__YOUR ASSIGNMENT__
Exact copy, pictures excluded: write out every line below.

__DATA EXTRACT__
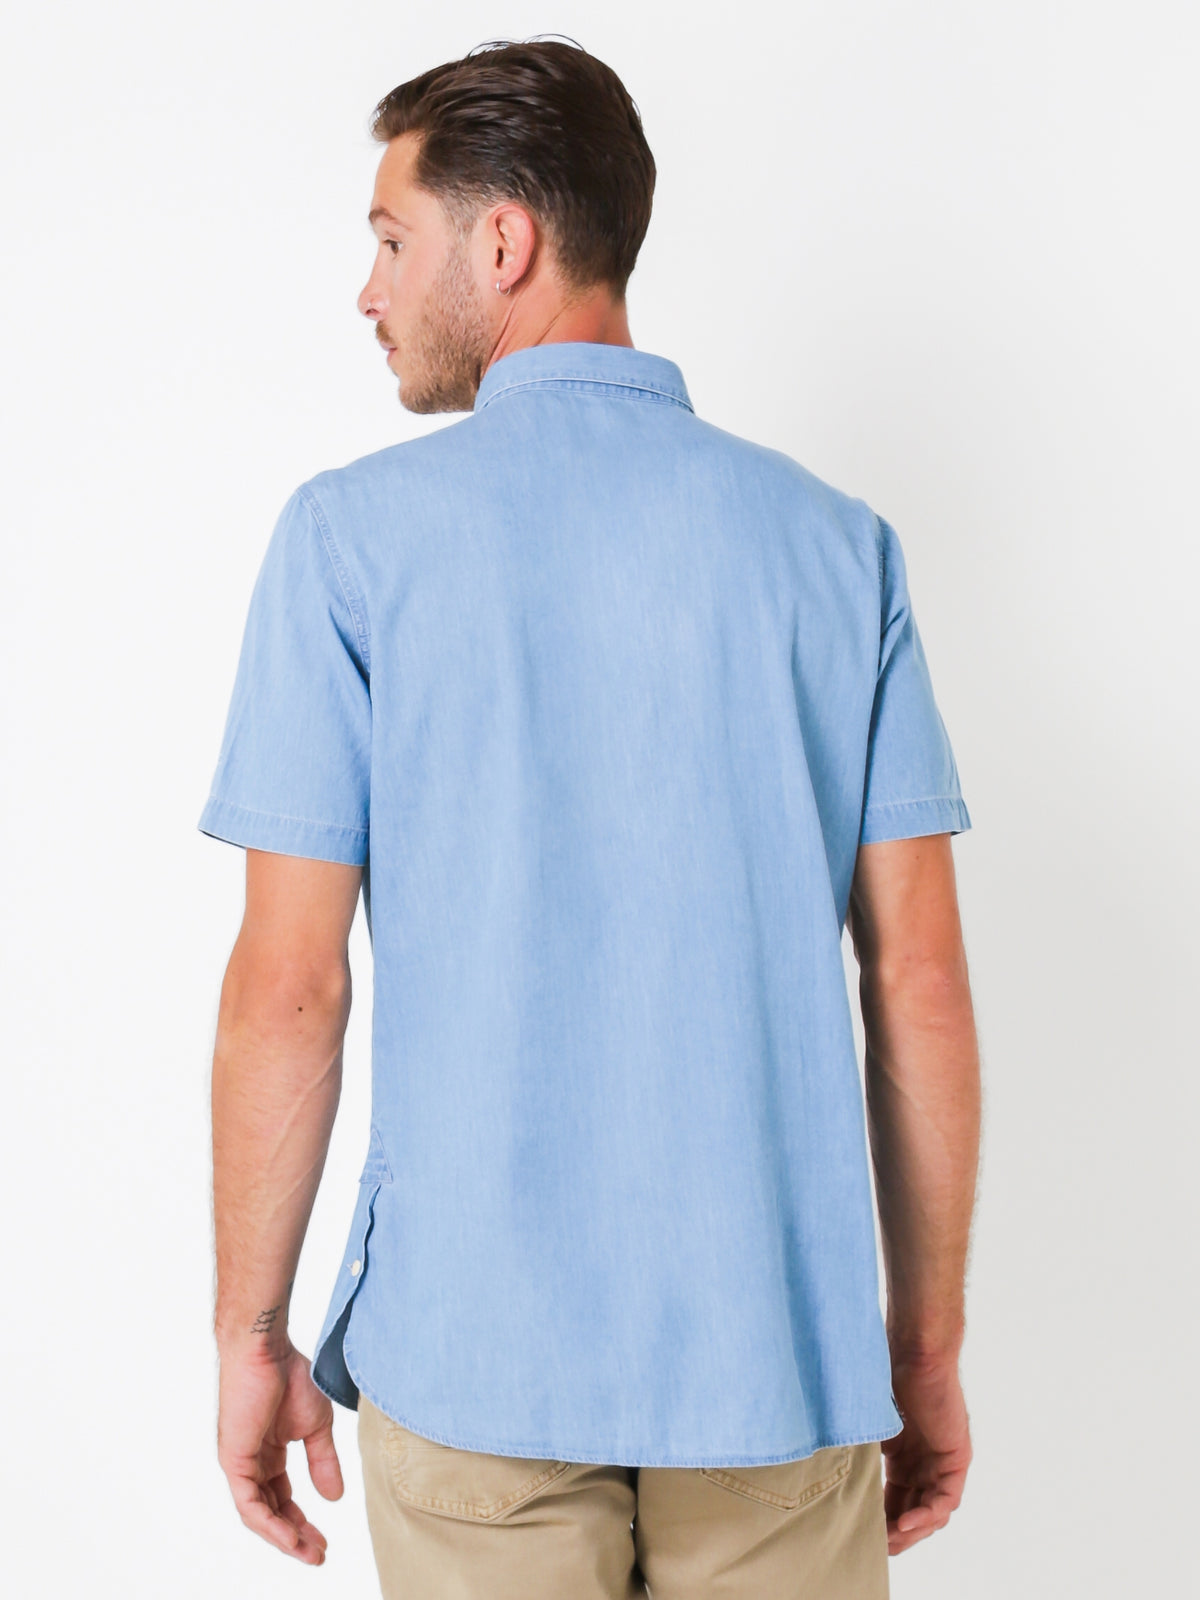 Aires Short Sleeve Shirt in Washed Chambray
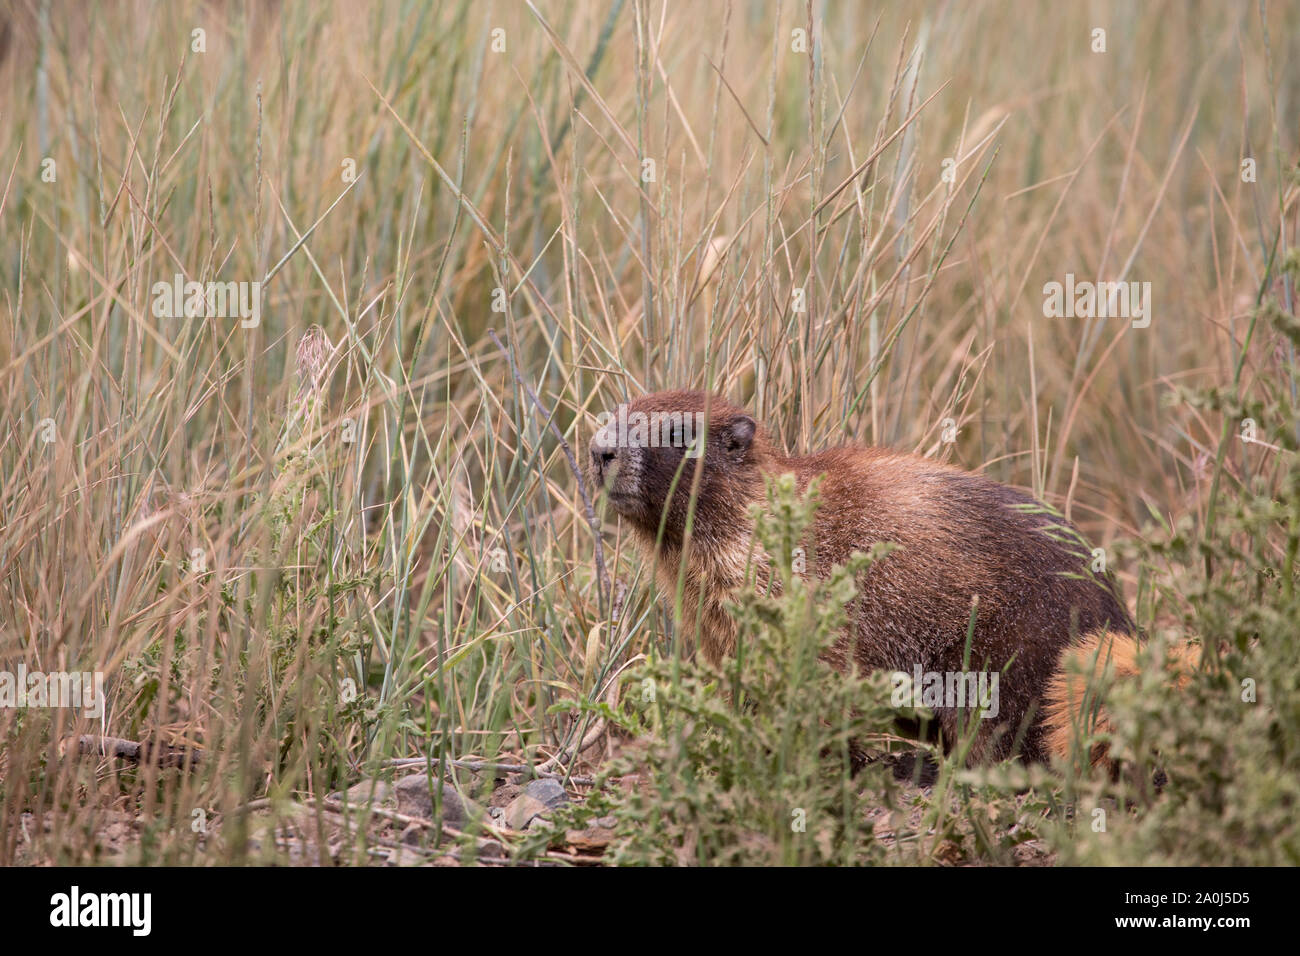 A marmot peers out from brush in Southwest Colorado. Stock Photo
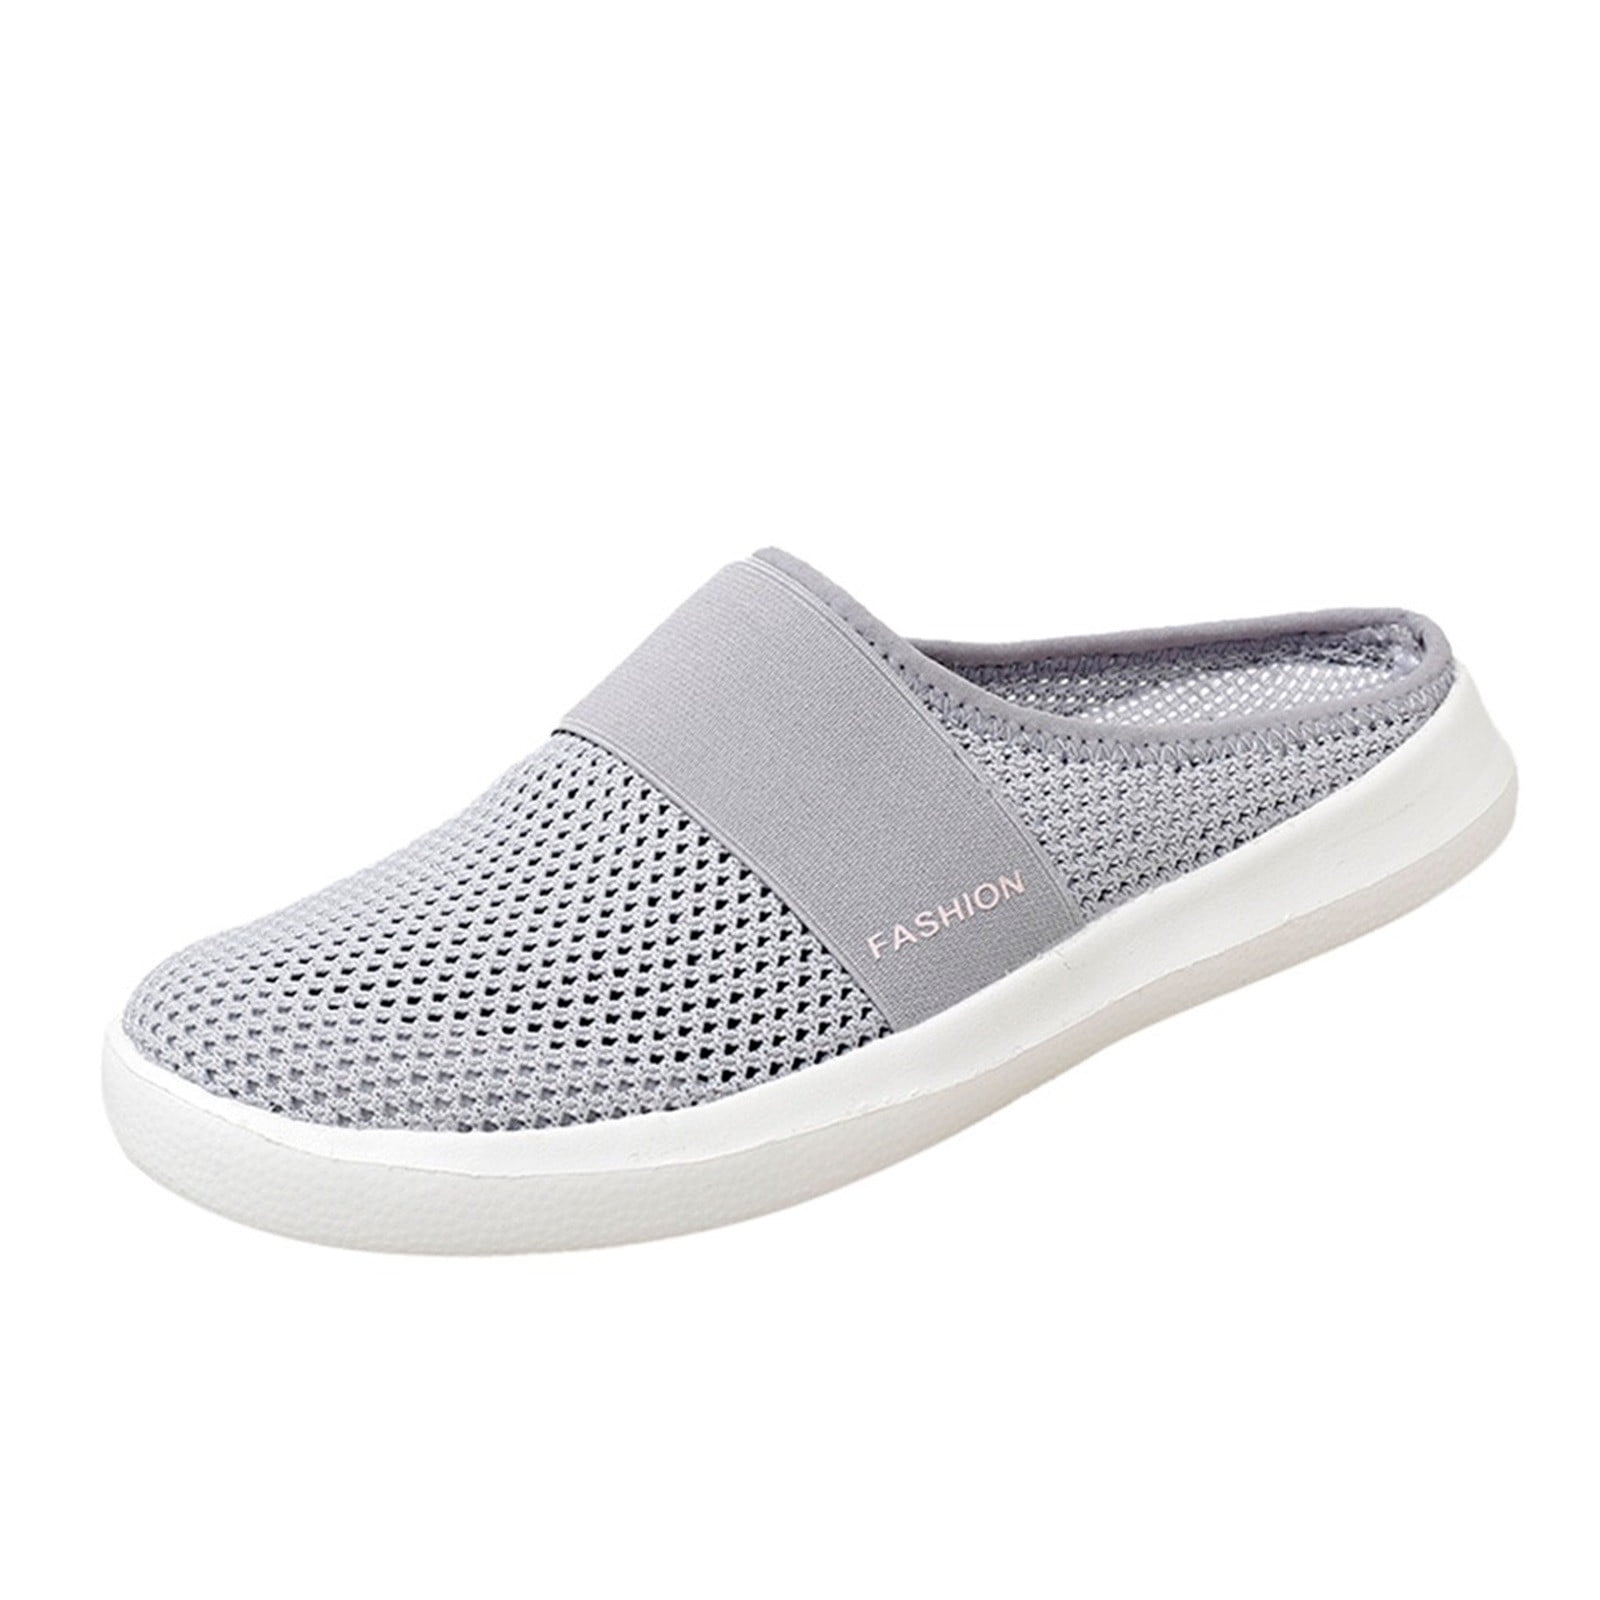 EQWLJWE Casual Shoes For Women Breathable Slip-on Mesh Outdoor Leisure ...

__ANSWER SPACE__
 Aires Short Sleeve Shirt in Washed Chambray
 A marmot peers out from brush in Southwest Colorado. Stock Photo
 EQWLJWE Casual Shoes For Women Breathable Slip-on Mesh Outdoor Leisure ...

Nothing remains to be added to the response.